For read-heavy workloads where related data is always accessed together, embedding usually wins. For write-heavy workloads with independently evolving data, referencing is cleaner.

If you're unsure where your bottleneck actually is, tools like Mingo help you explore your actual document structures and see what's happening in your collections. You can spot bloated documents, inspect nested arrays that have grown out of control, and understand whether your current schema is actually matching your access patterns.

Common Mistakes

Embedding unbounded arrays

The most frequent mistake. An array that can grow without limit will eventually hit the 16MB ceiling, and performance degrades long before that. If you can't put a reasonable upper bound on an array, don't embed it.

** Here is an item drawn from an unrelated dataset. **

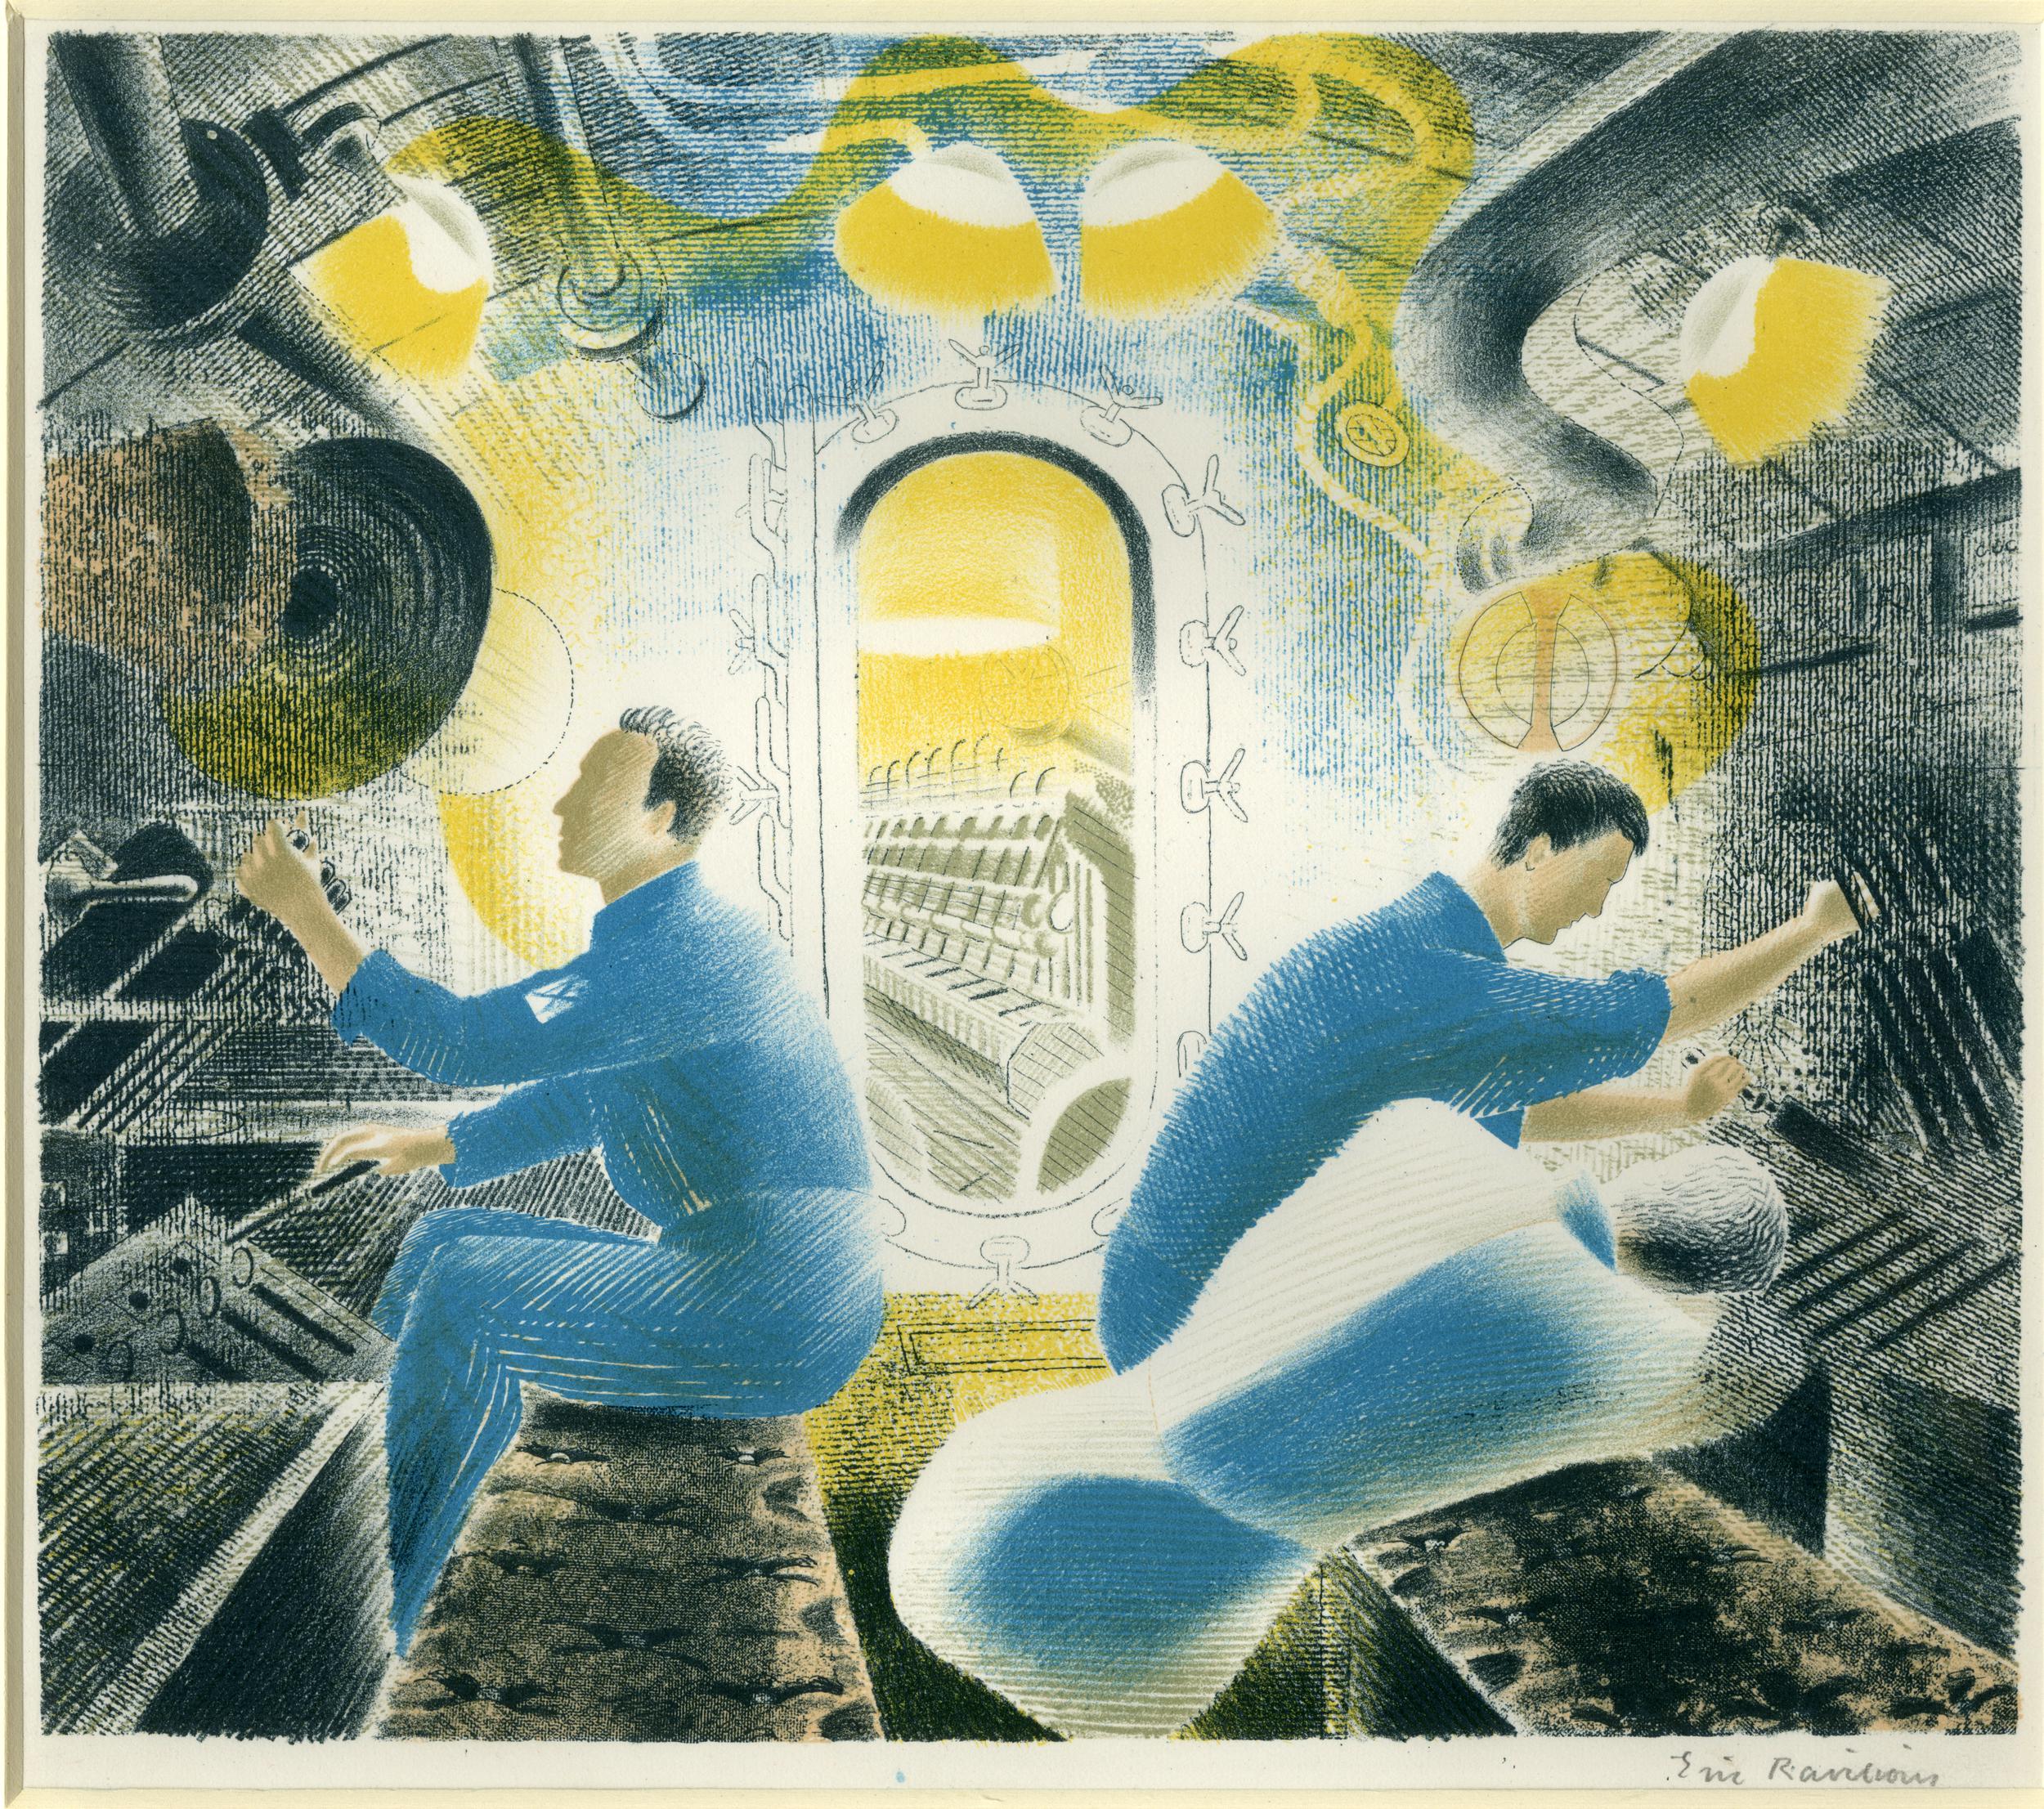 colour lithograph in predominantly dark blue, light blue and yellow

Referencing everything like SQL

Coming from PostgreSQL and normalizing your MongoDB schema into 15 collections with foreign keys everywhere defeats the purpose. You end up with the join overhead of SQL without the join optimization of a relational database. MongoDB's $lookup is not a SQL JOIN. It's slower, less flexible, and should be the exception rather than the rule.

Ignoring access patterns

This is the root cause of most schema problems. People design their schema based on the data structure rather than how the application reads and writes it. Start with your queries: what data do you need together? How often? That drives the schema, not the entity-relationship diagram.

Never revisiting the decision

Your access patterns change as your product evolves. A blog post with 10 comments that used to work fine as an embedded array now has posts with 2,000 comments. Mingo makes it easy to periodically check your collections and see whether your original schema decisions still hold up, before they become production incidents.

Making the Decision

When you're staring at a new relationship and wondering "embed or reference?", walk through these questions:

  1. How many related items will there be? Fewer than ~100 with a clear cap? Embed. Unbounded? Reference.
  2. Do you always read them together? Yes? Embed. Sometimes or rarely? Reference.
  3. Does the child data change independently? Rarely? Embed. Frequently? Reference.
  4. Is the data shared across multiple parents? No? Embed. Yes? Reference.
  5. Could the embedded data grow large enough to matter? No? Embed. Maybe? Hybrid or reference.

If you get mixed signals, lean toward the hybrid approach. Embed the summary data you need for display, keep a reference for full access, and revisit as your application evolves.

There's no permanent right answer here, only the right answer for your current access patterns. The important thing is to make a deliberate choice, understand the tradeoffs, and keep an eye on how your data actually behaves in production.